Three-dimensional hand modeling method based on nerve radiation field

Technical Field

The invention relates to the field of computer image processing and three-dimensional reconstruction, in particular to a method for generating a high-precision three-dimensional model of a hand by combining image data of a nerve radiation field and utilizing a computer vision technology and a deep learning algorithm.

Background

In recent years, neural implicitly represents a rapid development in three-dimensional modeling and image synthesis. Neural implicit representation models a scene using a neural network that is spatially continuous and exhibits higher fidelity and flexibility than classical discrete counterparts such as grids, point clouds, and voxels. As the most popular implicit representation in neural rendering, neural radiation fields (Neural RADIANCE FIELDS, NERF) have shown dramatic results in a variety of tasks since the first introduction. Original NeRF is overfitted on a static scene by design, so the time-varying content cannot be modeled.

The image rendering of animate articulated objects, i.e. human body, hand, etc., can be seen as a special case of dynamic scene modeling. Most early efforts completed reconstruction using skeleton-based grids, which generally relied on expensive calibration and a large number of samples to produce high quality results.

Modeling and reconstruction of human hands as smart tools that interact with the physical world and convey rich semantic information has attracted extensive attention from the research community. In general, synthesizing real hand images or videos with different poses in motion has wide applications such as human-machine interaction, sign language generation, virtual and augmented reality techniques, such as telepresence, and the like.

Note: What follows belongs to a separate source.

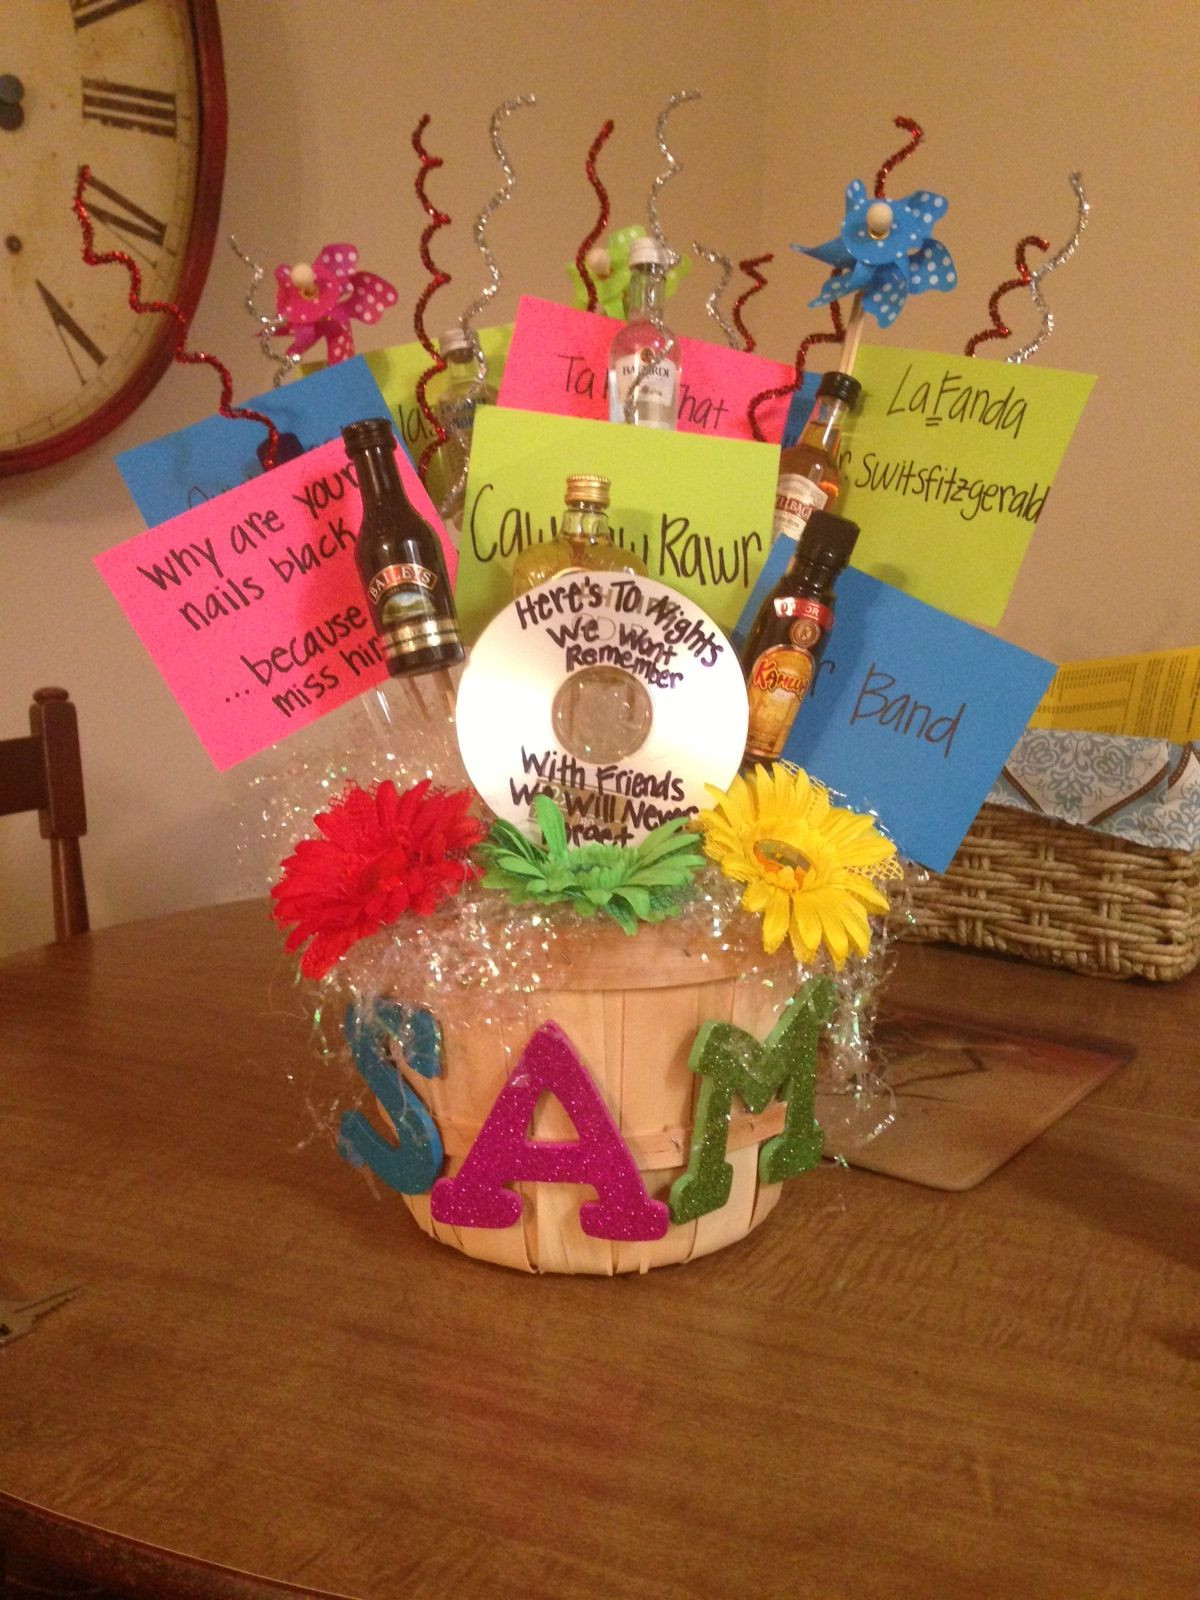 Gift Basket Ideas For Friends Birthday  Fun 21st birthday basket for my best friend Favorite

Classical manual modeling work is mainly built on top of parameterized mesh models, such as MANO. They fit the hand geometry to a polygonal mesh operated by shape and pose parameters and then complete shading by texture mapping. Although widely used, these models have the following limitations. On the one hand, high frequency details are difficult to present on a multi-resolution grid, preventing the generation of realistic images. On the other hand, no special design has been developed for the interactive hand, which is an important scenario involving complex gestures for self-occlusion.

Disclosure of Invention

The technical problems to be solved are as follows: previous free viewpoint video systems either rely on dense camera arrays for image-based new view synthesis or require depth sensors for high quality three-dimensional reconstruction to produce realistic rendering. The complex hardware makes the free view video system expensive and only suitable for limited environments. This invention solves the novel view synthesis challenges for human performers from a very sparse set of camera views.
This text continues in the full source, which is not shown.